Je me souviens de ma première nuit avec lui. Je devais avoir l'air d'un oisillon tombé du nid, bien loin de l'image de femme sûre d'elle que je voulais donner. Ma tête posée contre sa poitrine, nous étions restés comme ça pendant de longues minutes sans parler. Je ne savais pas quoi faire. Il devait se poser la même question car il me demanda : « Qu'est ce que tu es venue chercher ici ? ». Aucune réponse ne franchit mes lèvres qu'il finit par embrasser.
A cet instant précis je ne m'étais pas demandé « M'aime t-il ? Est-ce que je l'aime ? ». Je savais qu'il voulait m'aider, qu'il avait peur pour moi mais à présent j'ai le sentiment que ses bonnes intentions se sont évaporées au cours du temps pour laisser place à la simple attirance sexuelle.
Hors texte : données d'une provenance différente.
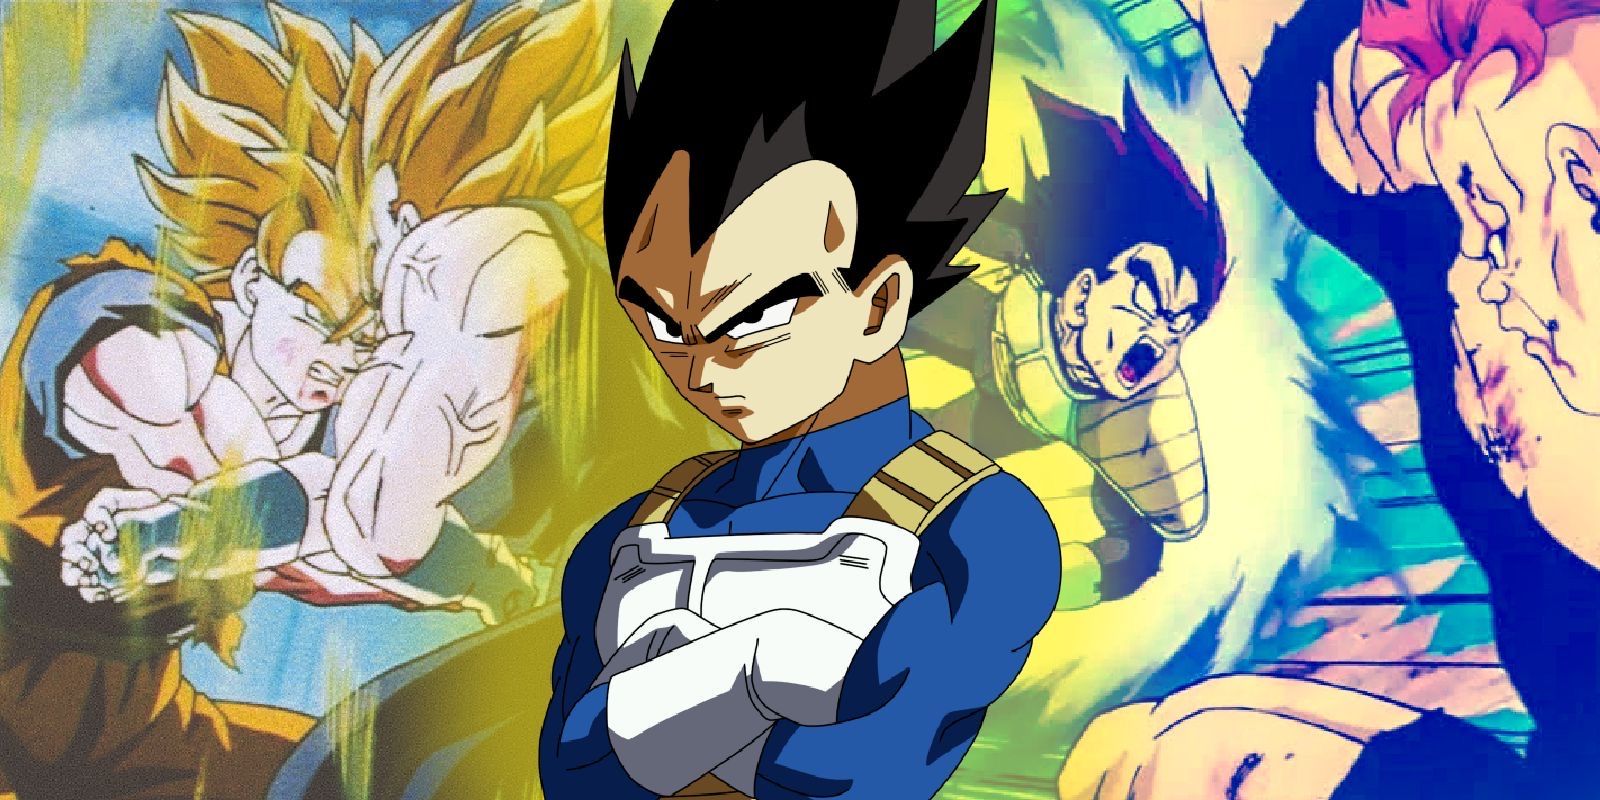 Vegeta fighting Goku as a Majin and Recoome of the Ginyu Force in Dragon Ball Z

Lorsque que nous nous quittâmes après cette première nuit, j'eu un doute sur la partie du visage que j'étais sensée embrasser. J'avais déjà un peu d'expérience dans les relations sans lendemain, mais tout le monde agit différemment : il n'y a ni code ni règle. Lorsqu'il déposa un baiser sur ma joue je compris que le matin il n'était plus question de batifoler et qu'une fois hors du lit j'étais à nouveau une jeune fille mineure. J'étais à nouveau seule.
Ce n'était donc pas une rupture puisqu'après chaque nuit passée ensemble nous nous comportions comme deux amis, sans plus. Seul le fait qu'il n'osait plus me regarder dans les yeux le matin m'indiquait qu'il ne devait pas avoir la conscience tranquille. Tout le monde sait que lorsque deux personnes consentantes ont des rapports sexuels sans que leur relation n'aille plus loin, l'une des deux finit toujours par souffrir. Cependant j'avais ce don incroyable qui consistait à dissimuler ses sentiments. Il était hors de question que je pleure devant lui ou que je lui dise que j'espérais autre chose.
Les jours passaient, je continuais de me taire. J'avais toujours été comme ça et il faut dire que ça en arrangeait plus d'un. Plus je réfléchissais plus je savais que j'avais fait une erreur. C'est très mauvais de prendre des habitudes, c'est ce qui nous fait souffrir. Quand je pensais que jamais plus je ne m'endormirais couchée sur lui j'avais la gorge qui se serrait. Je connaissais par c½ur les motifs de sa couette, j'adorais m'asseoir dessus et le regarder vaquer à ses occupations. Je n'arrivais pas à croire que lorsqu'il me serrait contre lui il n'y avait pas autre chose que le sexe entre nous. Je n'aurais jamais dû revenir après la première fois. Je pouvais supporter l'idée que quelqu'un se serve de moi lorsque c'était réciproque et pour cela il ne fallait pas que cela dépassât une nuit. On se retrouve, on s'embrasse sans tourner autour du pot pendant des heures, on fait des choses qu'on ne ferait sûrement pas si on était en couple : ça, c'est inoffensif.